There are four Boolean operations that will suffice in the vast majority of cases:

* $AND$, which in Python is `and`,
* $OR$, which in Python is `or`,
* $XOR$ or **exclusive or**, which in Python is `^`, and
* $NOT$, which in Python is `not`.

This is related to the sets operations that we covered in Case 0.3. In fact, you can represent Boolean logic [using sets](https://en.wikipedia.org/wiki/Boolean_algebra#Diagrammatic_representations).

### $AND$

You have two boolean variables `A` and `B`. This is the **truth table** related to the $AND$ operation when applied to them (a truth table is just a matrix that shows the output of a Boolean operation for different values of `A` and `B`):

| Value of `A`	| Value of `B`  | Value of `A and B`|
|------------	|------------	|------------------	|
| False      	| False      	| False            	|
| False      	| True       	| False            	|
| True       	| False      	| False            	|
| True       	| True       	| True             	|

In other words, `A and B` is `True` only when both conditions are `True`.

### $OR$

This is the truth table for the $OR$ operation:

| Value of `A`	| Value of `B`  | Value of `A or B` |
|------------	|------------	|------------------	|
| False      	| False      	| False            	|
| False      	| True       	| True            	|
| True       	| False      	| True            	|
| True       	| True       	| True             	|

In other words, `A or B` is always `True` except when both conditions are `False`.

### $XOR$

This is the truth table for the exclusive or operation:

| Value of `A`	| Value of `B`  | Value of `A ^ B`  |
|------------	|------------	|------------------	|
| False      	| False      	| False            	|
| False      	| True       	| True            	|
| True       	| False      	| True            	|
| True       	| True       	| False            	|

In other words, `A ^ B` is `True` only when both conditions have different truth values.

### $NOT$

Negation is the easiest of the operators. It just reverses the value of your boolean. So, if `A` is `True`, then `not A` will be `False`. It takes only one argument, so you can't do `A not B` (but you *can* do `not (A and B)`, for instance).

---

Now let's look at an example. Let's evaluate an $OR$ operation:

In [None]:
if (4 < 5) or (400 < 3): 
    print("The conditional evaluated to True")
else:
    print("The conditional evaluated to False")

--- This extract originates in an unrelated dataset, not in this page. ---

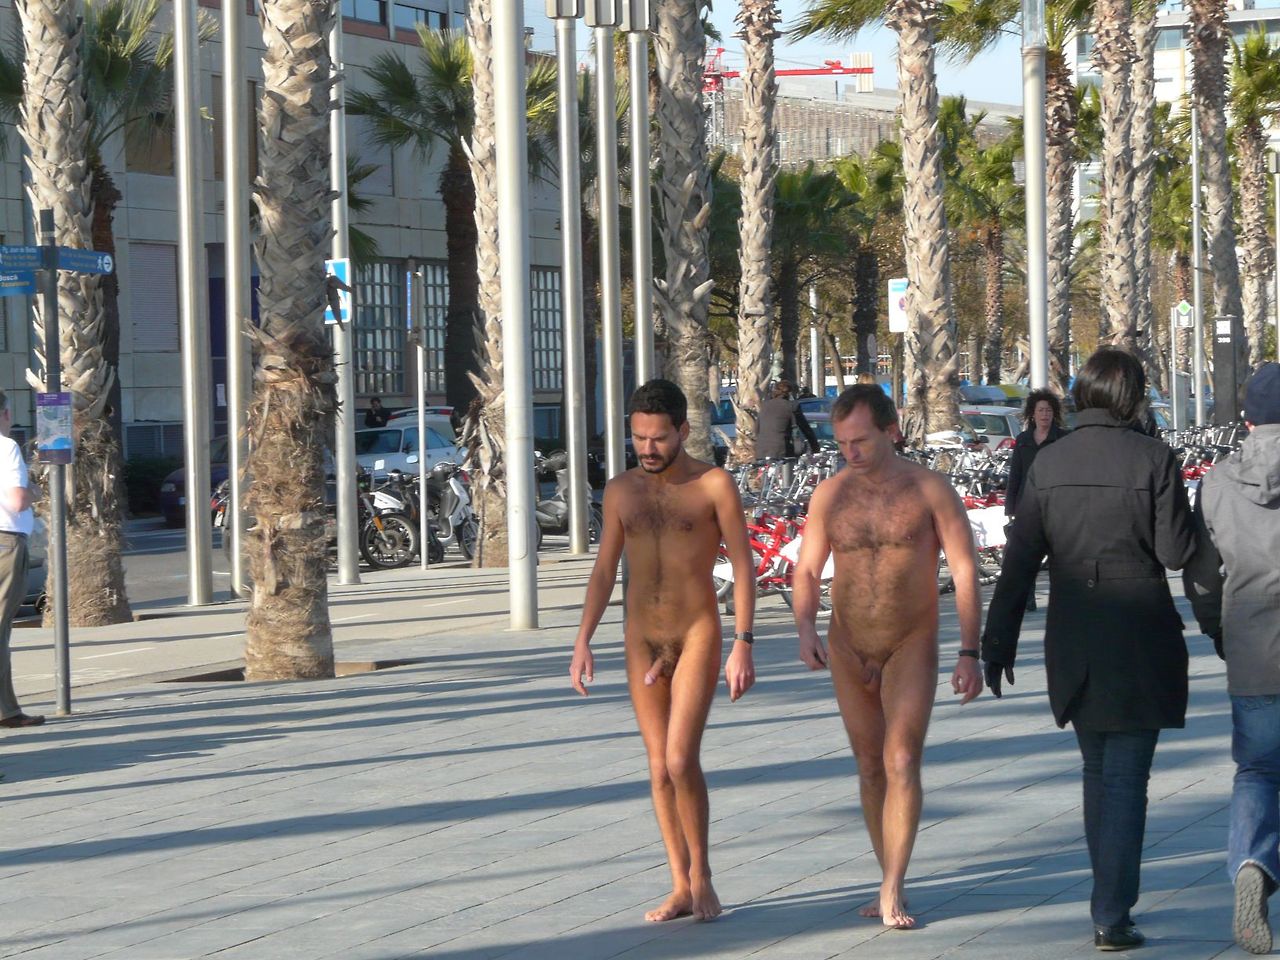 Nude beneath the palm-lined streets of Barcelona.

Notice that we used parentheses to tell Python where the conditions were in the code.

**Question:** Why did this code evaluate to `True`?

And here's an example of an $AND$ operation:

In [None]:
if (4 < 5) and (400 < 3): 
    print("The conditional evaluated to True")
else:
    print("The conditional evaluated to False")

**Question:** Now why did it evaluate to `False`?